Впрочем, молодой Эмиль Золя, будущий романист-натуралист и враг романтизма, писал в своей рецензии: «“Человек, который смеётся” превосходит то, что написал Виктор Гюго за последние десять лет. В нём сверхчеловеческая мощь... Книга волнующая и величественная». Но это был едва ли не единственный светлый луч на безрадостном мрачном фоне. Часть вины за провал романа Гюго возложил на издателя Лакруа, который вопреки ожиданиям продавал не одновременно все четыре выпуска, а разбил их по срокам, и потому расторг с ним договор на сотрудничество.

Впоследствии за рубежом (в частности, в России) роман ожидал гораздо больший успех, чем на родине. «Человека, который смеётся» четыре раза экранизировали («Тружеников моря» – только дважды), а Гуинплен стал известен всему миру и по популярности обошёл остальных персонажей Гюго.

К концу 1860-х годов режим Второй империи становился всё более либеральным, в мае 1868 года был принят новый закон о прессе, дававший ей большие права и свободы.
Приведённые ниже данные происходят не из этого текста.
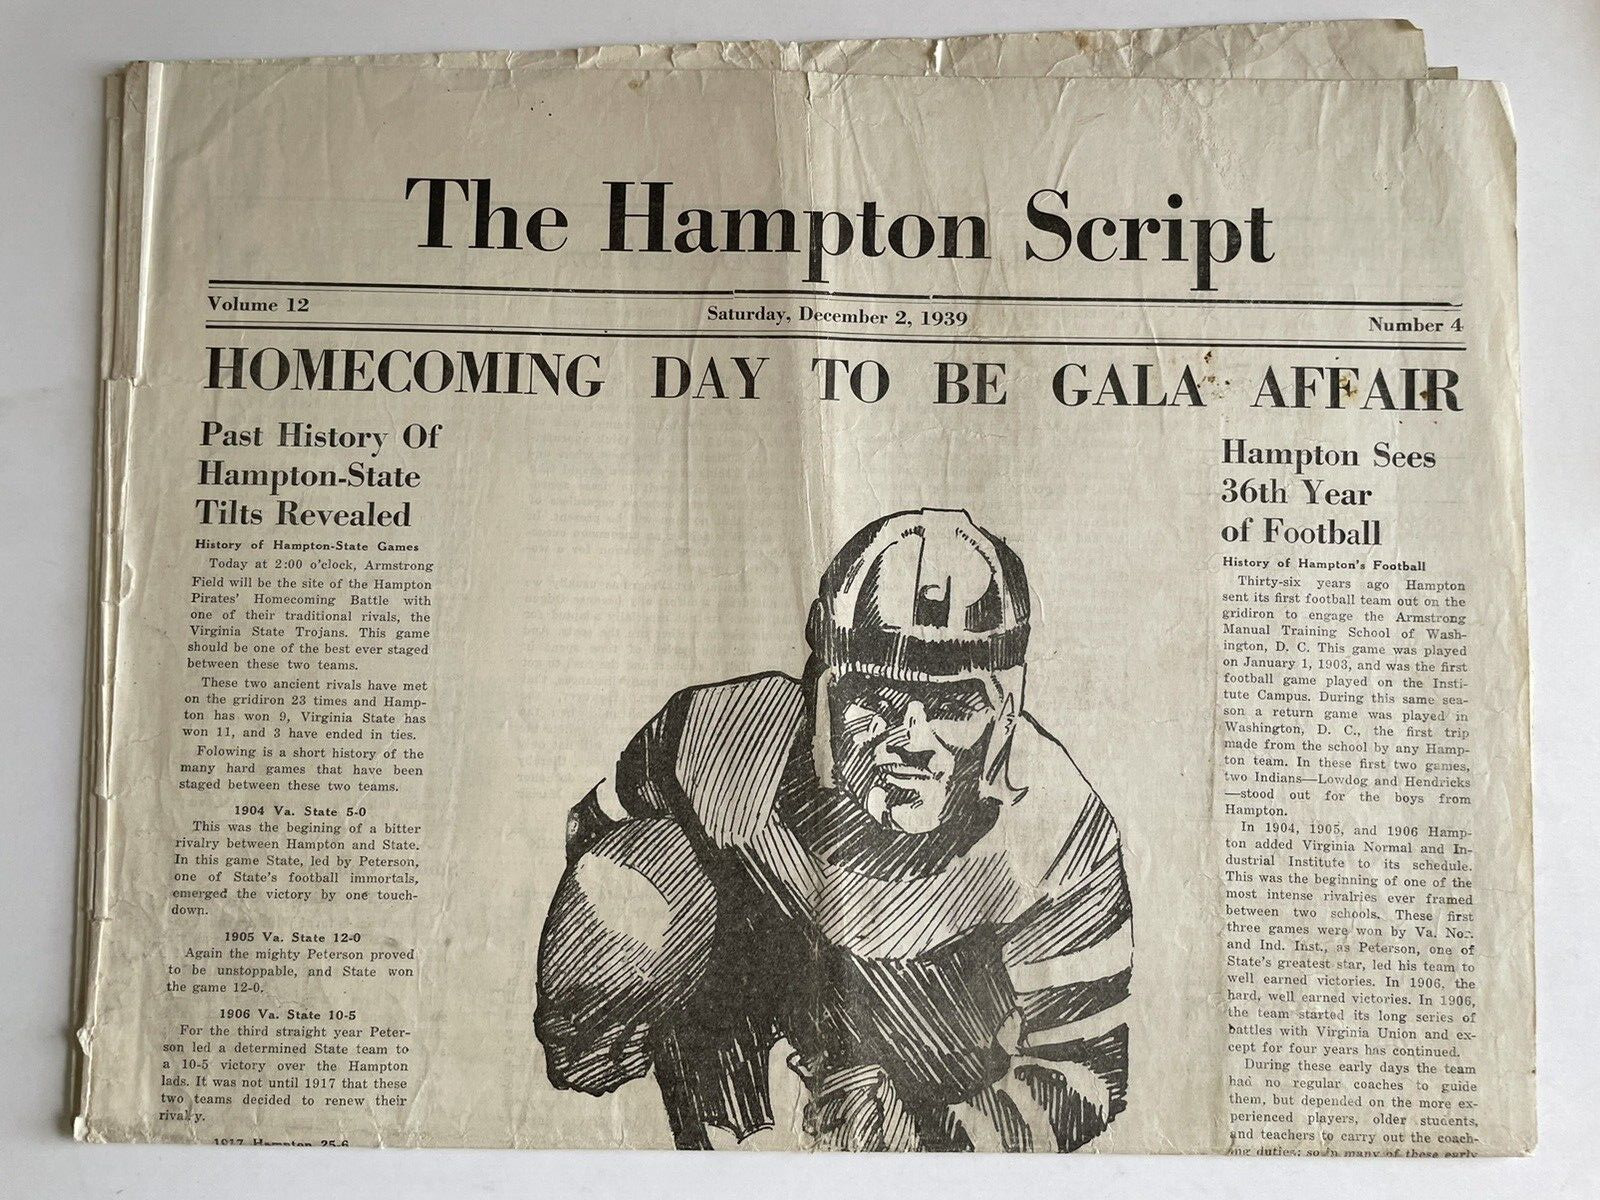 Hampton Script Civil Rights 1940 #historyinpieces HBCU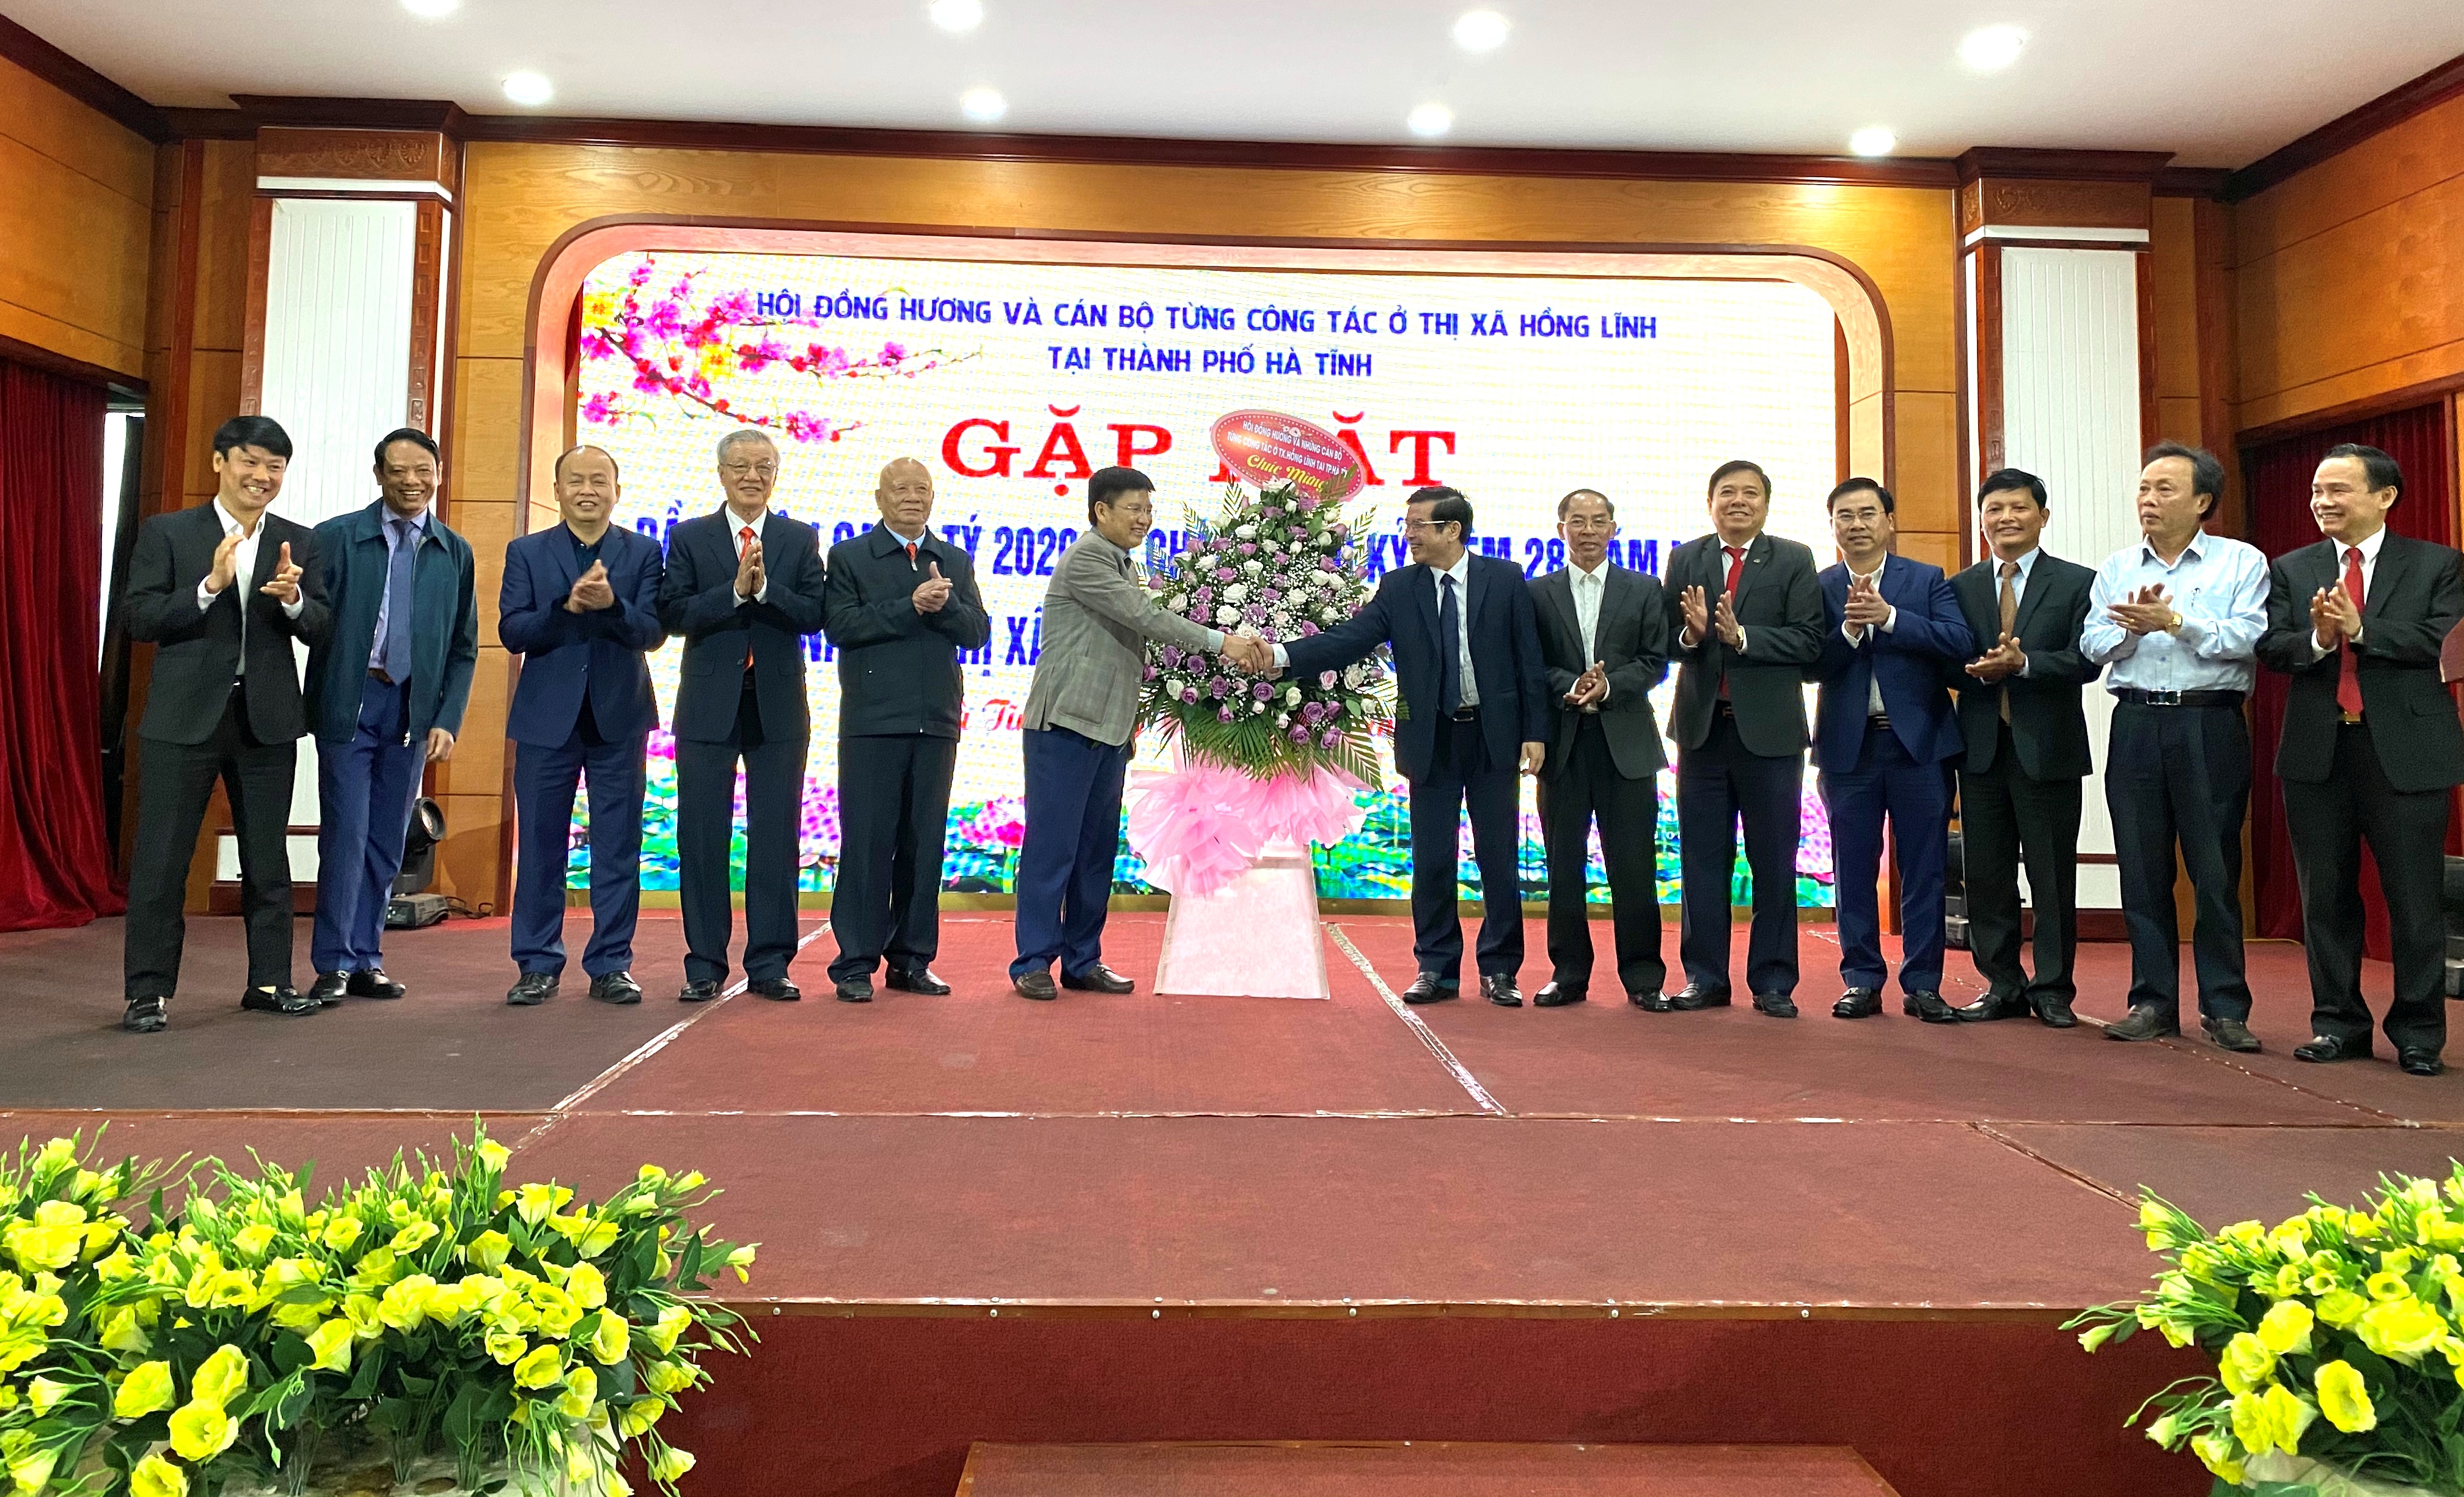 Hội đồng hương và cán bộ từng công tác ở thị xã Hồng Lĩnh tại Thành phố Hà Tĩnh gặp mặt đầu xuân Canh Tý và chào mừng 28 năm thành lập thị xã Hồng Lĩnh

На 1869-й были намечены парламентские выборы, также по более либеральным правилам. Отвечая на меняющуюся ситуацию, семейство Гюго приняло решение начать издавать в Париже газету «Раппель» («Призыв»). Во главе встали оба сына – Шарль и Франсуа Виктор, а также давние соратники Поль Мерис и Огюст Вакери. Также активное участие в издании принял известнейший журналист и памфлетист того времени Анри Рошфор, прославившийся нападками на императора и его окружение в своей газете «Фонарь». С Рошфором, равно как с Барбесом и прочими оппозиционными политиками, вынужденными скрываться за пределами Франции, Гюго встречался в Брюсселе.

Личная жизнь сыновей складывалась по-разному. Старший, Шарль, в 1865 году женился там же, в Брюсселе на Алисе Леген, воспитаннице (она рано осталась без отца, а в семнадцать была уже круглой сиротой) профессора и видного политика-республиканца, будущего премьер-министра Жюля Симона. Их первенец, Жорж, родился в 1867 году, но через год умер от менингита. Поэтому второй ребёнок – тоже мальчик, родившийся в 1868 году, получил то же имя, а родившуюся в 1869 году девочку назвали Жанной. Младший, Франсуа Виктор, так и не женился, его невеста Эмили дю Пютрон умерла ещё до свадьбы, и на её похоронах Виктор Гюго произнёс прочувственную речь.

ВОЗВРАЩЕНИЕ

Жизнь Гюго, особенно во второй её половине, чётко делится на этапы. 1848– 1851 годы – участие в политике; 1851 – 1870 годы – изгнание; с 1870-го – возвращение на родину. Гюго уже не сомневался, что ему так и суждено умереть на чужбине, и не раз писал об этом, в том числе в стихах. Режим, пошедший на либерализацию, казался крепким и устойчивым, и референдум, проведённый в мае 1870 года, показал широкую поддержку предпринятых реформ – «да» сказали 7 миллионов 350 тысяч человек, а «нет» – только полтора миллиона. Но гром разразился неожиданно.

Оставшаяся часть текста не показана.